Easy Publish and Consume Library
As GNOME remembers the meaning of the 'N' in its name, more and more GNOME applications become network aware. GNOME provides excellent libraries for implementing network capabilities, nevertheless quite some effort is needed to glue them together to provide a smooth user experience.
When starting to add network support to Glom, we at Openismus decided it would be time to stop this frequent reinvention of the wheel, and put some of this glue code into an easy to use library. So the Easy Publish and Consume Library (libepc) was born.
The Easy Publish and Consume Library is intended to provide an easy method to
- publish data per HTTPS
- announce that information via DNS-SD,
- find that information
- and finally consume it
When using that library you shall not bother about boring details like properly using Avahi or setting up SSL/TLS certificates. All you should do to let your application publish information to the network, is writing the following three commands:
publisher = epc_publisher_new ("Easy Publisher Example", NULL, NULL);
epc_publisher_add (publisher, "Hello", "World!", -1);
epc_publisher_run_async ();
Once you have done this, your application runs a HTTPS server, announcing itself to the local network via DNS-SD and publishes the information World! under the key Hello.
Retrieving values shouldn't be harder:
consumer = epc_consumer_new_for_name ("Easy Publisher Example");
value = epc_consumer_lookup (consumer, "Hello", &length, &error);
As those examples are working now, we Openismus guys would highly welcome some feedback - I even added e-mail notifications to my site to allow real discussion.
Well, maybe it should be noted, that libepc isn't meant to replace desktop configuration daemons like GConf or Ryan's dconf initiative. This library just is a simple method for publishing byte arrays and maybe UTF-8 strings to your network. No support for integers, booleans, no schemas. It's fully up to you, how to use the data published.

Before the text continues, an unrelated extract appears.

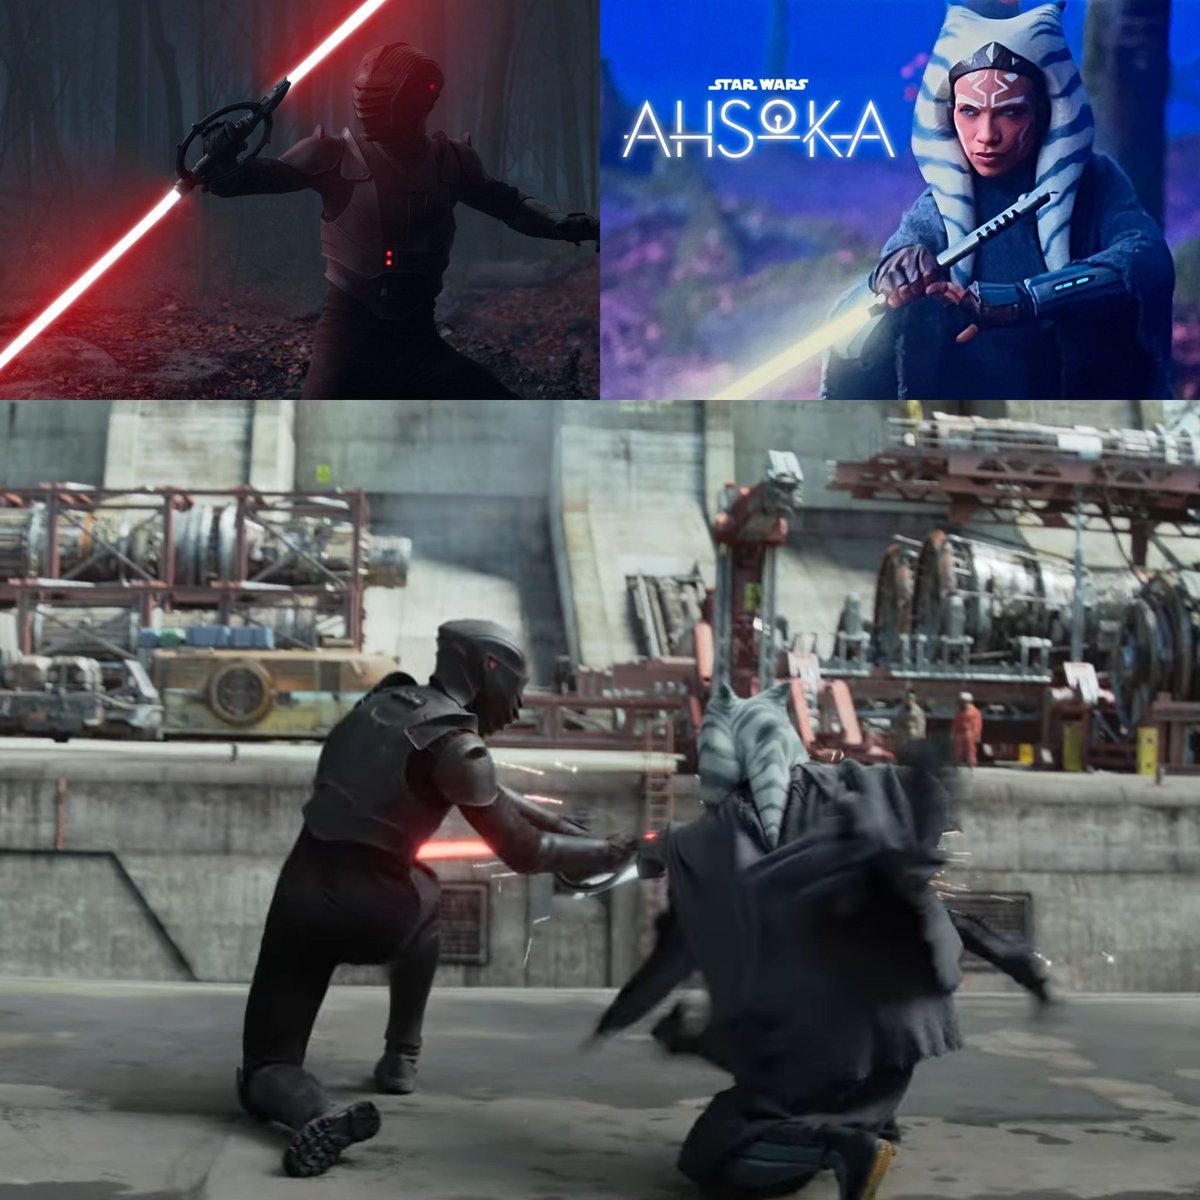 Seems like Ahsoka will duel against this new Inquisitor in two separate places/planets!!

- Source code is available: git clone http://taschenorakel.de/git/libepc
- Alternatively you can get tarballs: libepc-0.2.tar.bz2 (Signature), git snapshots
- Maybe more important at this stage: The Reference Manual
- And code examples: list-resources.c, lookup-resource.c, simple-publisher.c, consumer-ui.c
This locations at taschenorakel.de are just temporary locations, if nobody disagrees I'd like to upload this library to the GNOME servers as soon as possible.
Oooh, very interesting.
Any examples of what cool things it could be used for would certainly help it being adopted. Right now, I don't see anything interesting over using Avahi directly, especially when creating a new service.
See also local-export-daemon,
http://svn.mugshot.org/local-export-d...
http://log.ometer.com/2007-06.html#23.3
Same idea but uses a single dbus server rather than per-app http server. And no crypto, I guess. (But since there's no auth for local-export-daemon, the crypto doesn't matter much, since anyone can connect anyway.)
s/DNS-DS/DNS-SD/
Bastien, avahi just lets you publish and find the service. This does that (via avahi, but more simply), and actually provides the network service and client to use what you've found.
We'll be using it in Glom so that Glom clients can connect to other Glom instances and open their Glom documents over the network.
Havoc, yes, we saw that, but we wanted something simpler and self-contained.
Havoc: As you might have figured on IRC, I was playing with D-Bus initially. It is good stuff, but D-Bus absolutly isn't designed for network usage. Yes, it offers a TCP/IP transport, but as you mentioned already there is no encryption, and there is no remote authentication[1].
So instead of re-inventing the wheel by glueing D-Bus with gnutls and implementing for instance digest authentication, we have choosen to be good engineers, and placed our code on top of existing code (libsoup, Avahi) which has the features we need: Networking, encryption, remote authentication.
[1] Authentication in D-Bus isn't based on username/password tokens, but on local user or process ids. The reasoning behind using surrogate keys (user ids), instead of the real primary key (user name) is absolutly beyond my scope. Specially when you look at the code uglyness it causes for instance, when trying Windows support.
Bastien: It makes me quite speechless, that you are not impressed by seeing the entire HTTPS and Avahi setup code to one single statement:
publisher = epc_publisher_new ("Easy Publisher Example", NULL, NULL);
Incomplete and inrobust service publication takes about 200 lines of code with AvahiClient (http://avahi.org/browser/trunk/exampl...). EpcDispatcher, which should be more robust and developer friendly, even needs 450 lines of code: http://taschenorakel.de/gitweb/?p=lib...
Creating and reusing self-signed certificates also isn't trivial: http://taschenorakel.de/gitweb/?p=lib...
>Bastien: It makes me quite speechless, that you
>are not impressed by seeing the entire HTTPS
>and Avahi setup code to one single statement:
I do am really impressed, this is the kind of api that permits the normal developer to do rapid development, these are the apis that incentivates doing applications.
Mathias, I wasn't impressed before as you didn't explain what this library did properly. To me, it looked more or less like bolting on random (small) data onto an Avahi record.